- Developer: Iron Galaxy
- Publisher: Activision
- Director: Kurt Tillmanns
- Designer: Mike Rossi
- Composer: Logan Byers
- Series: Tony Hawk's
- Engine: Unreal Engine 4 ;
- Platforms: Nintendo Switch; Nintendo Switch 2; PlayStation 4; PlayStation 5; Windows; Xbox One; Xbox Series X/S;
- Release: WW: July 11, 2025;
- Genre: Sports
- Modes: Single-player, multiplayer

= Tony Hawk's Pro Skater 3 + 4 =

2025 video game

Tony Hawk's Pro Skater 3 + 4 is a 2025 skateboarding video game developed by Iron Galaxy and published by Activision. Similar to Vicarious Visions' Tony Hawk's Pro Skater 1 + 2, it is a remake of Pro Skater 3 (2001) and Pro Skater 4 (2002), which were originally developed by Neversoft.

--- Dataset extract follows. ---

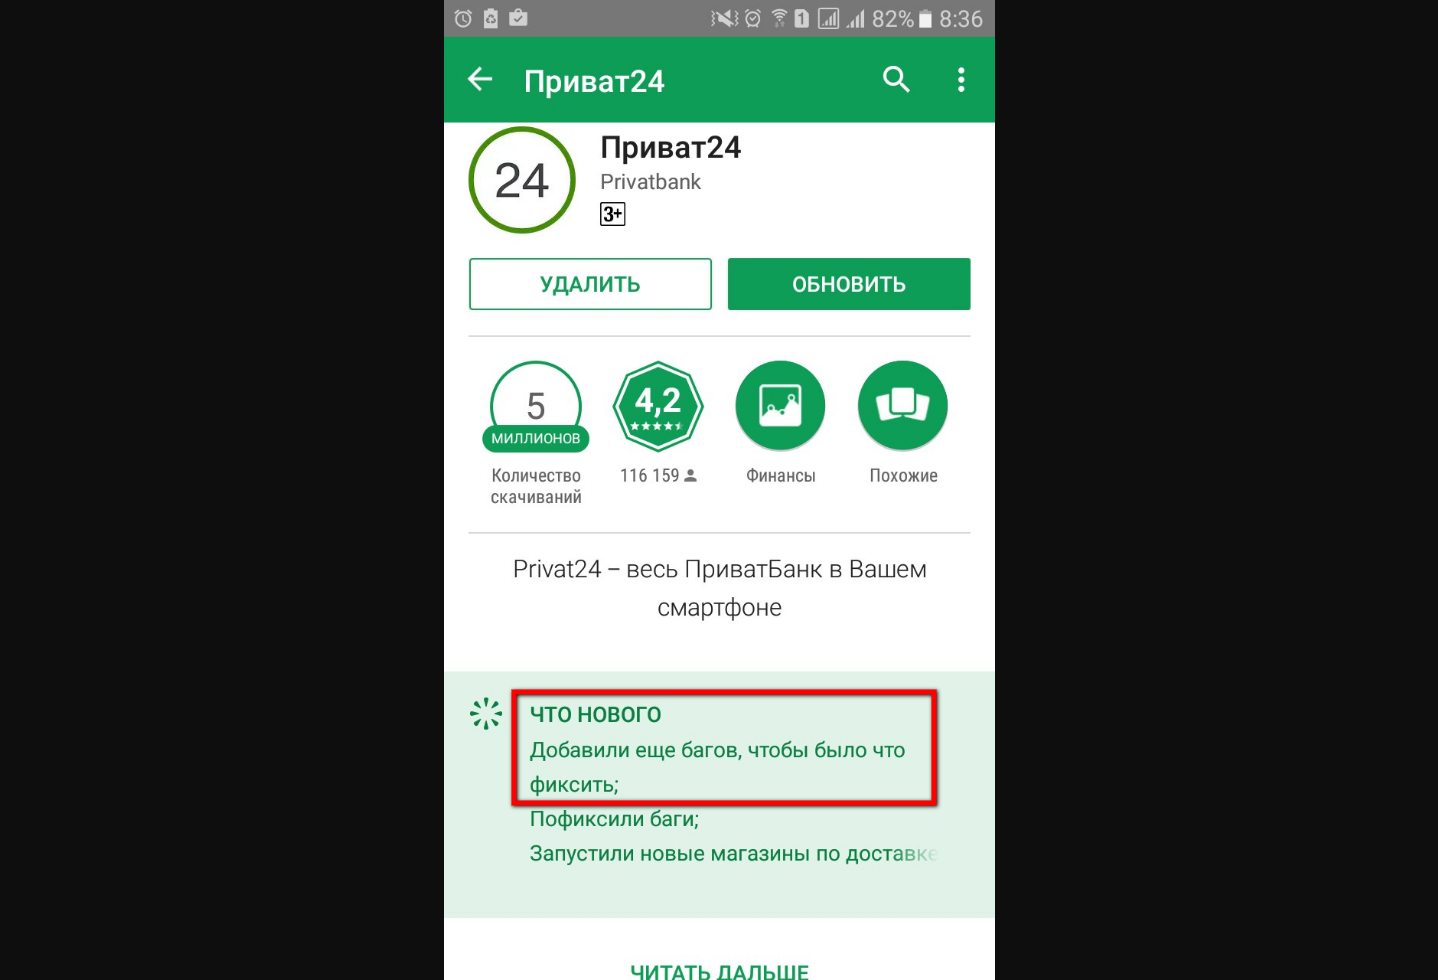 An interesting description from Privat Bank - My, , Privatbank, Android app

The game was released for the Nintendo Switch, Nintendo Switch 2, PlayStation 4, PlayStation 5, Windows, Xbox One and Xbox Series X/S on July 11, 2025. It received generally favorable reviews from critics, who praised the game's presentation and gameplay but criticized Pro Skater 4s stripped down career mode and changes to the soundtrack.

== Gameplay ==

Tony Hawk's Pro Skater 3 + 4 is a skateboarding video game played in a third-person view with its gameplay oriented towards classic arcade games. It uses the same mechanics as its predecessor 1 + 2, likewise, it also includes mechanics from all previous games up to Tony Hawk's Underground. The goal of most modes of the game is to achieve a high score or collect certain objects. The player must complete objectives to unlock levels to progress through the game. To score points, the player has to successfully perform and combine aerials, flips, grinds, lips, and manuals, with successful executions adding to the player's score. The point value of the trick is based on time maintained, degrees rotated, number of tricks performed in sequence, performing tricks on specific landmarks on the map, and the number of times the tricks have been used. Successful tricks add to the player's special meter, which, once full, allows for the execution of special tricks which are worth a great deal more than normal tricks. Bails (falling off the skateboard due to poor landing) attain no points for the attempted trick sequence and reset the special bar to empty. The game retains the core mechanics of the original games, including trick-based skateboarding gameplay, score challenges, and level objectives.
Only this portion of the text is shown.